» Data excerpt
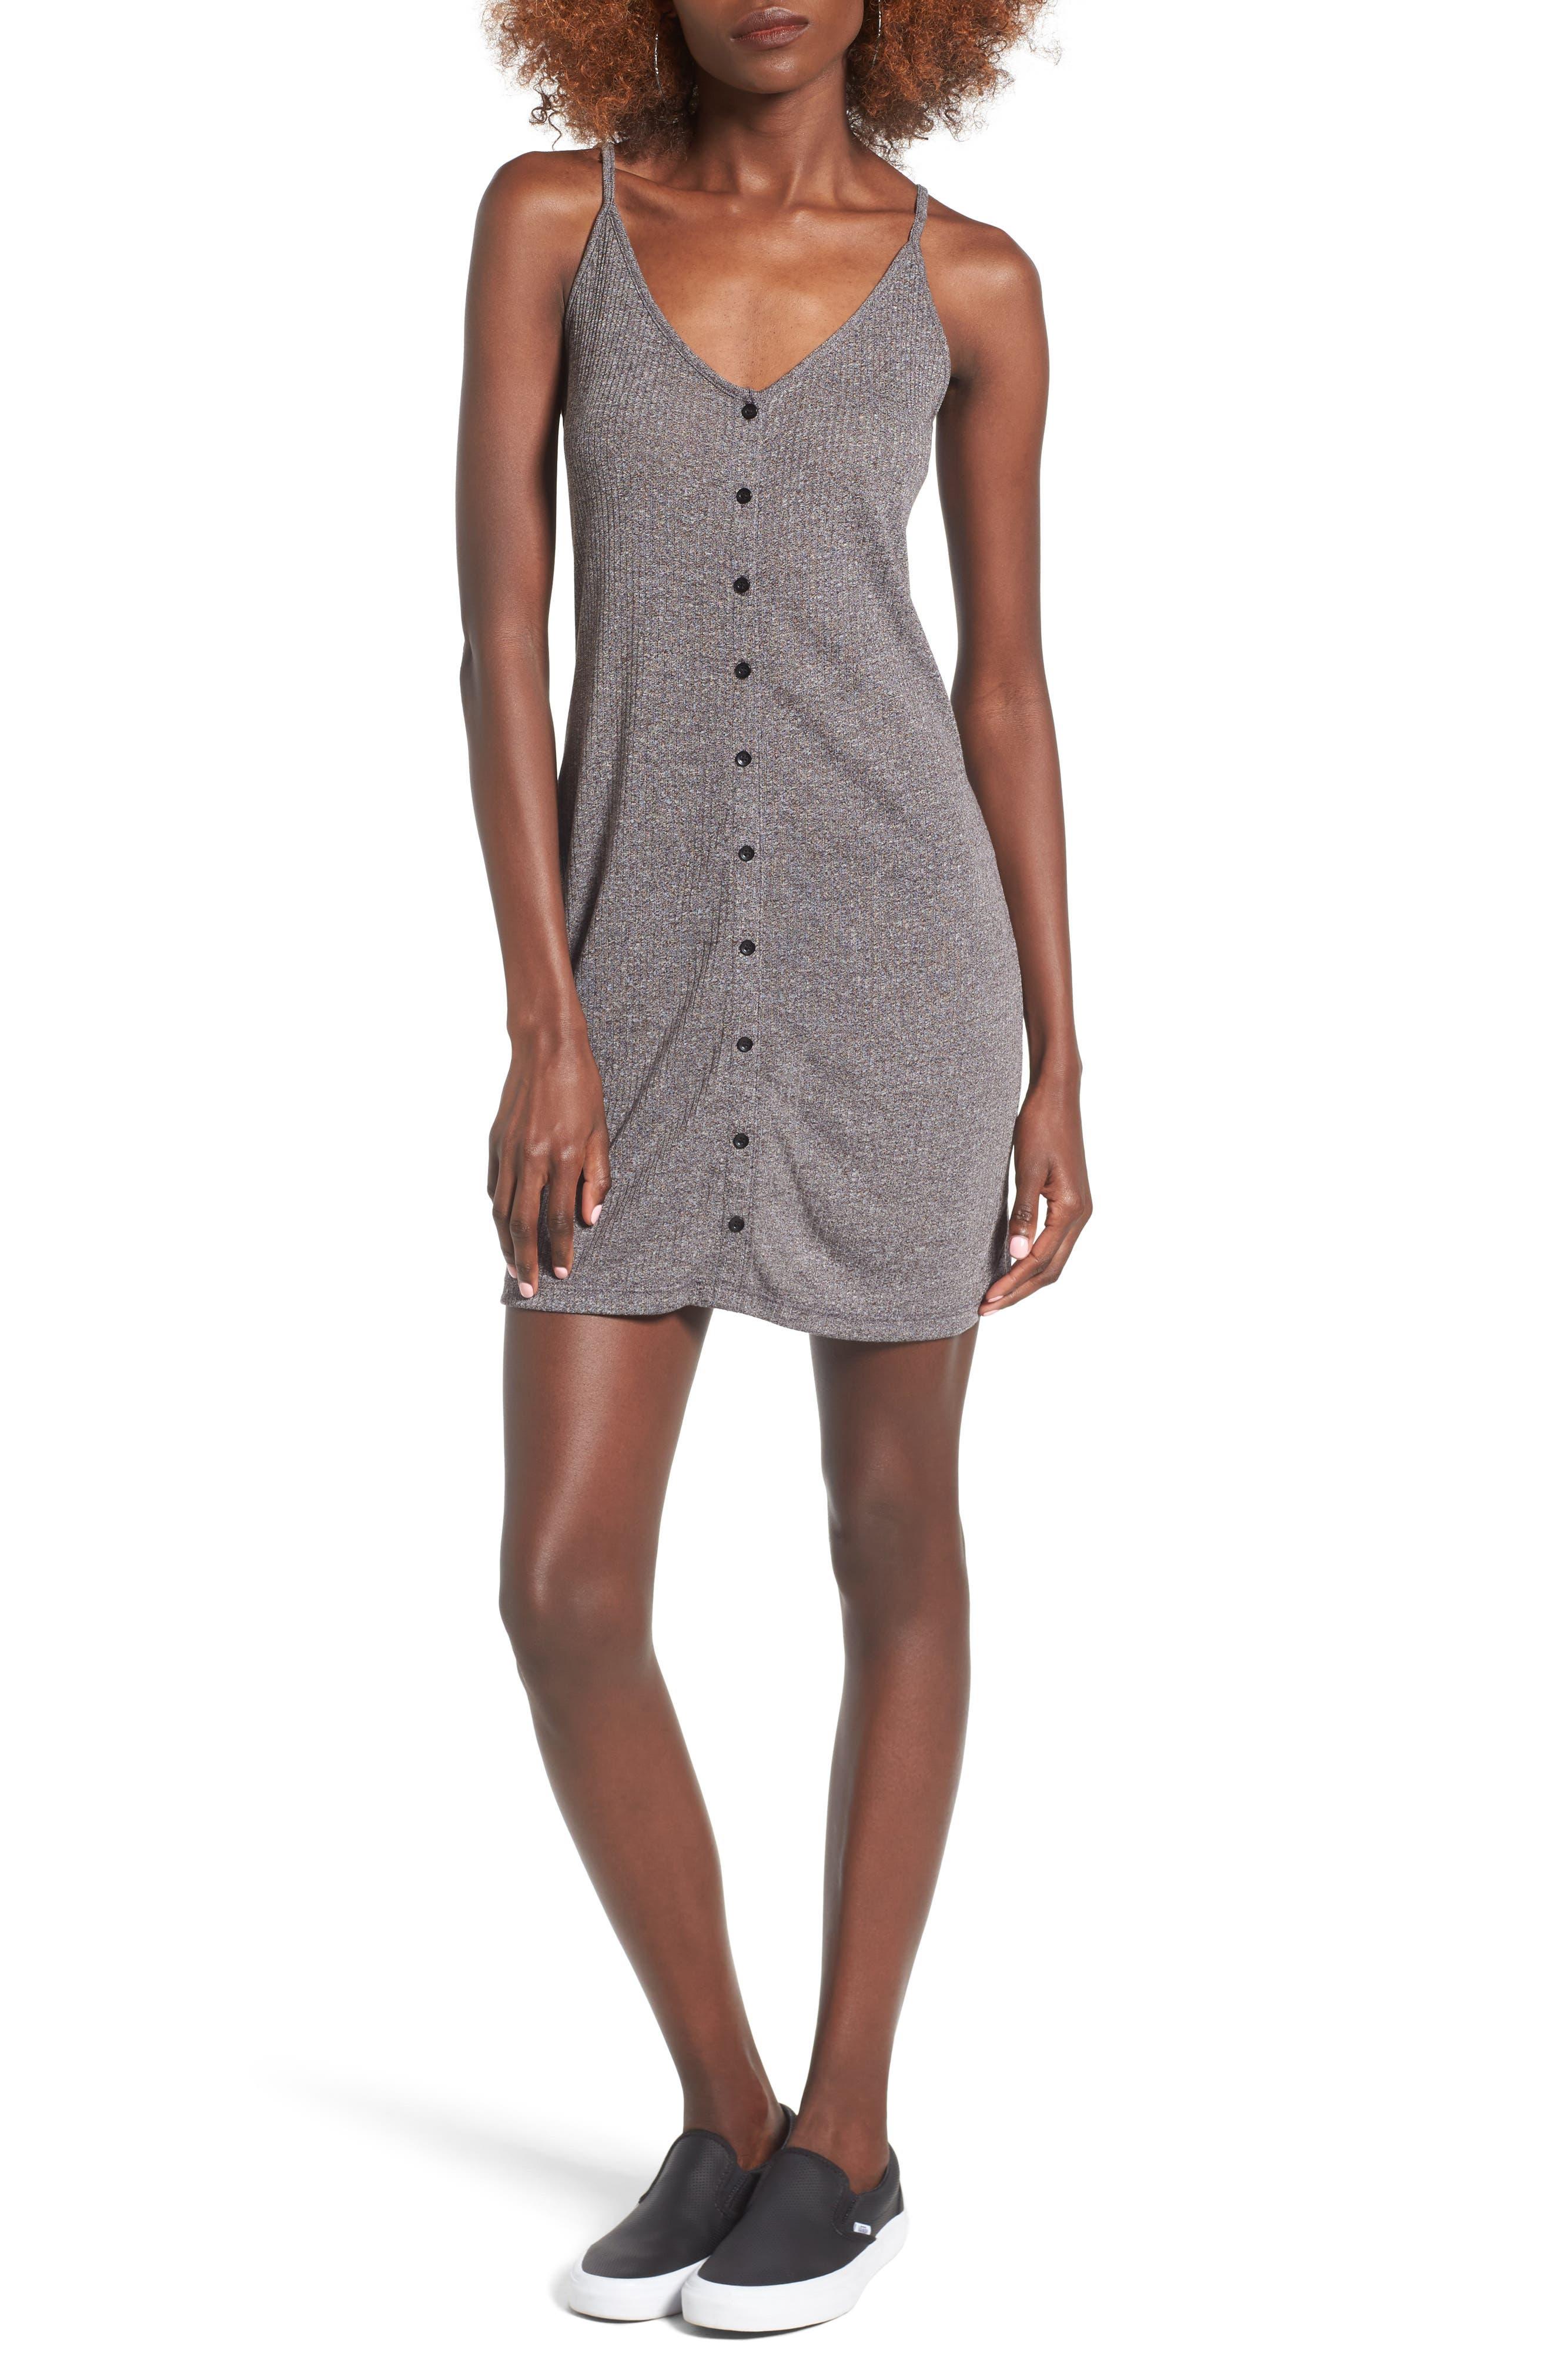 Barbados Rib Knit Dress,                         Main,                         color, Heather Grey
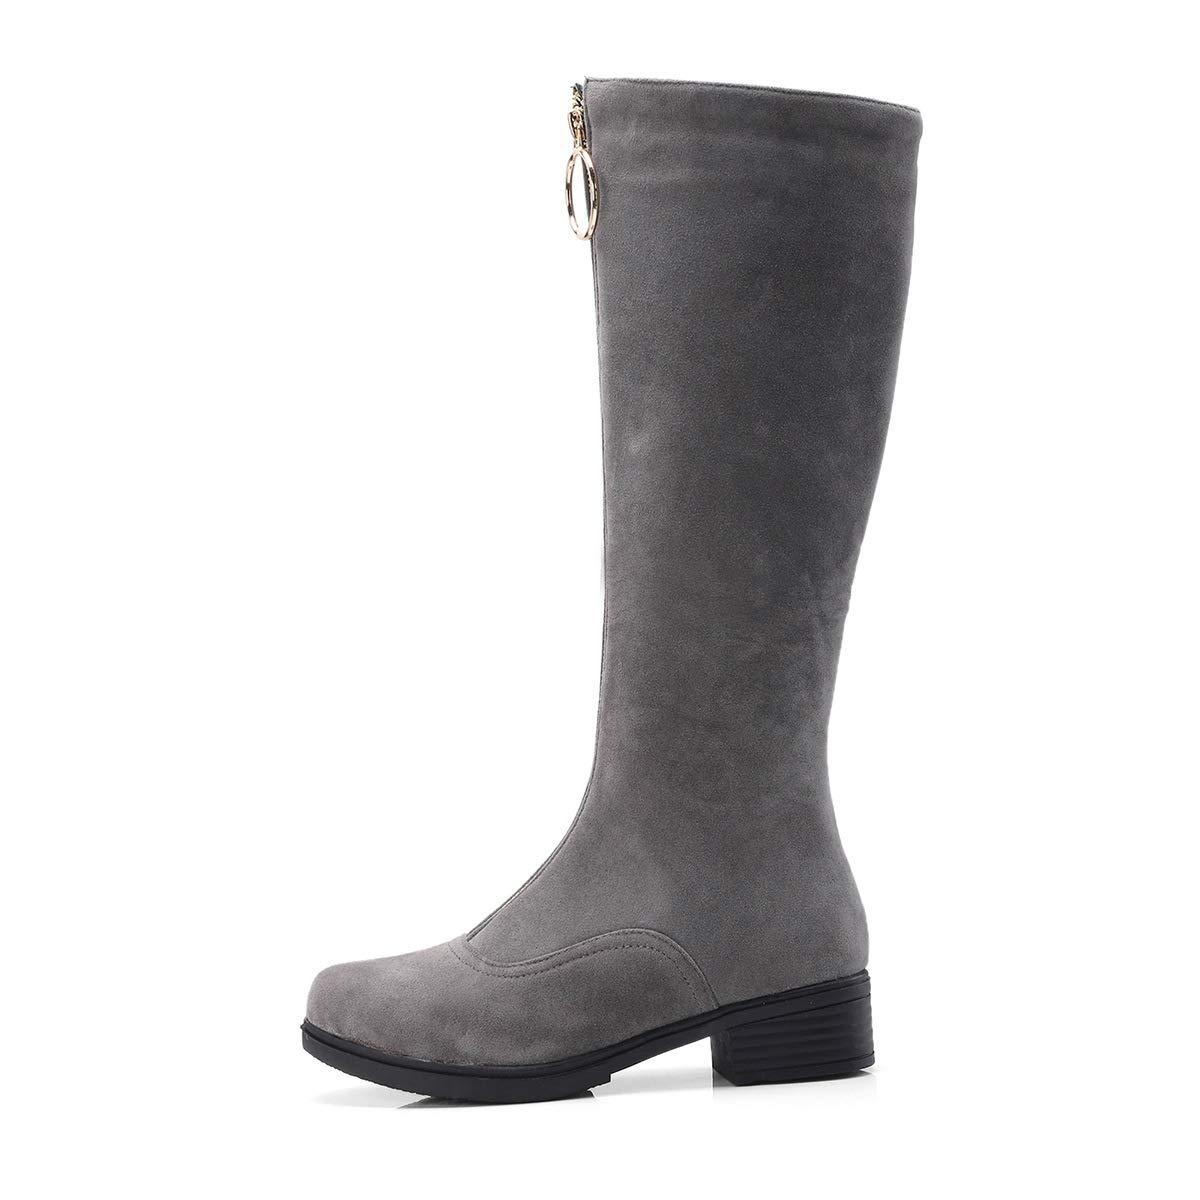 Frauen Runde Zehe niedrige Ferse Lange Stiefel Schuhe
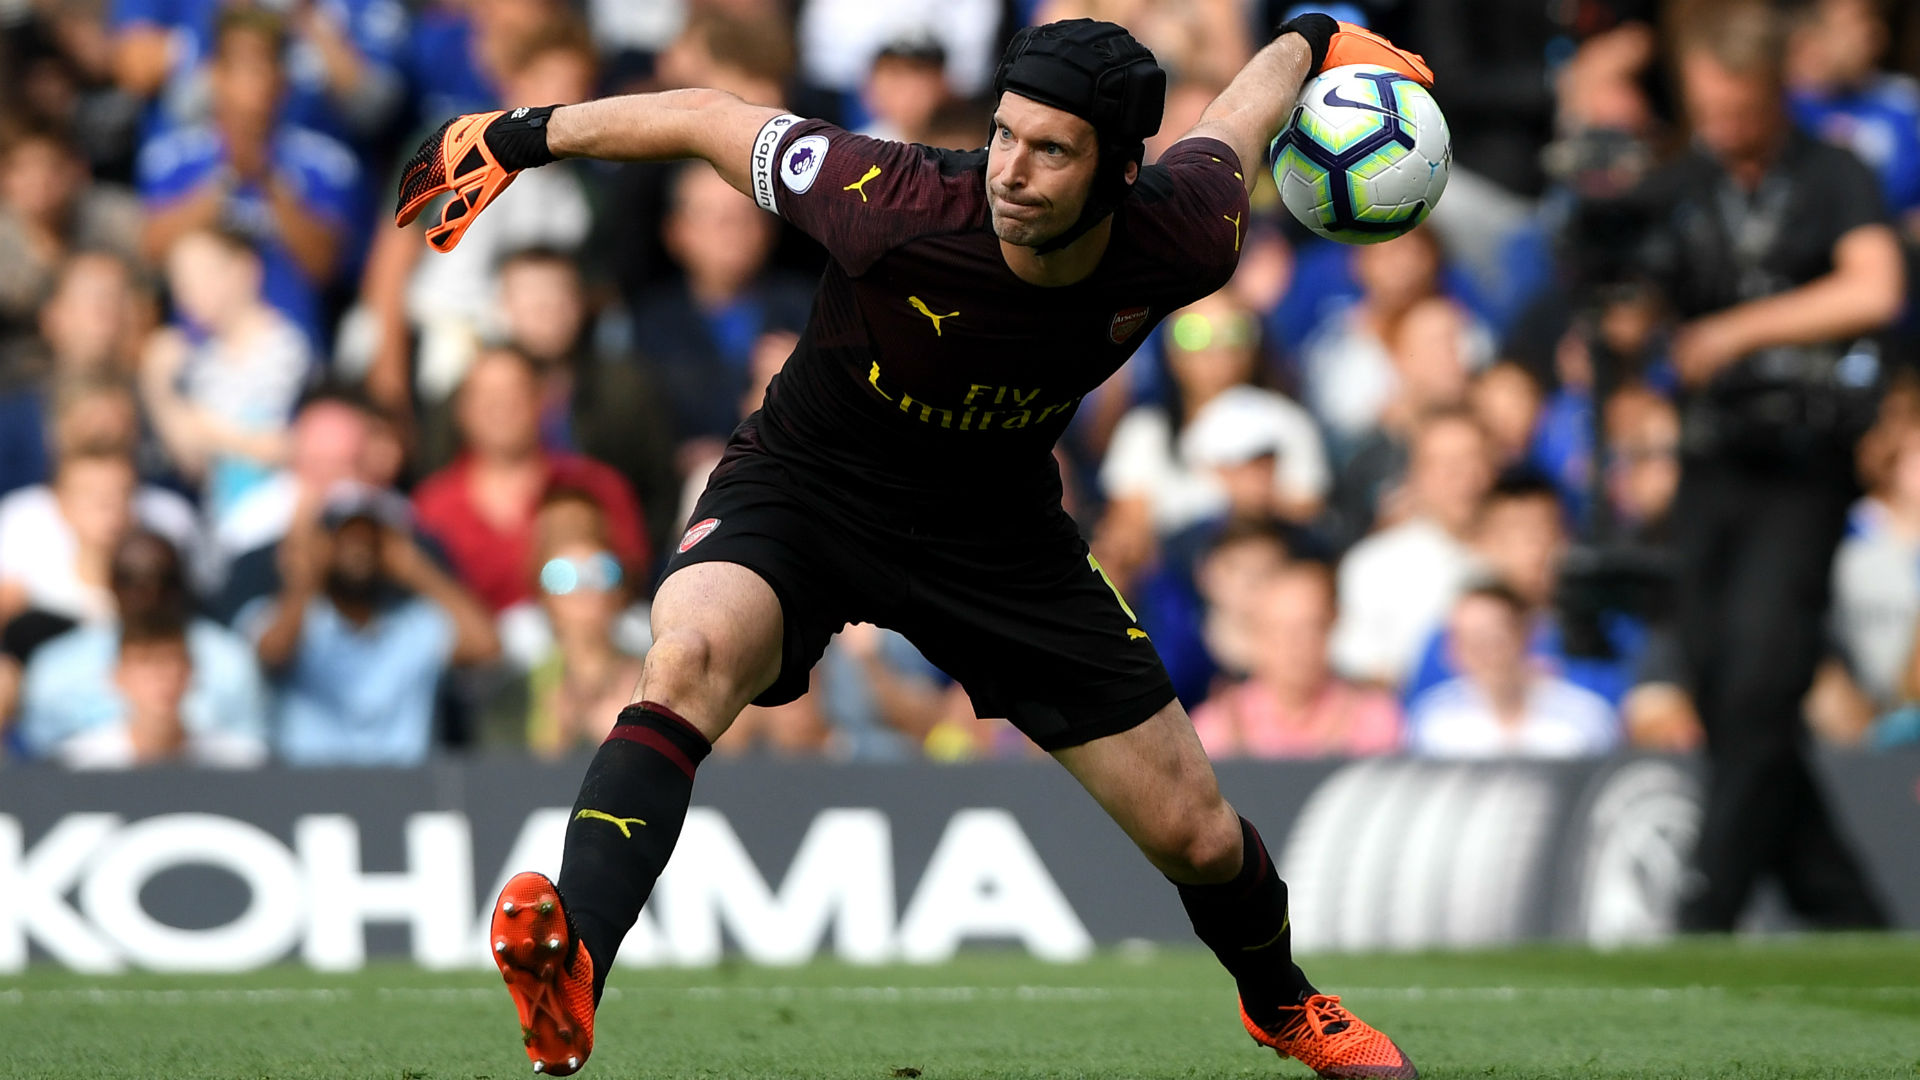 Petr Cech Announces Retirement: Arsenal Keeper's Call

» Exercise
Only the pictures stay out; everything else in the listing above must be repeated exactly.

» Task answer
 Barbados Rib Knit Dress,                         Main,                         color, Heather Grey
 Frauen Runde Zehe niedrige Ferse Lange Stiefel Schuhe
 Petr Cech Announces Retirement: Arsenal Keeper's Call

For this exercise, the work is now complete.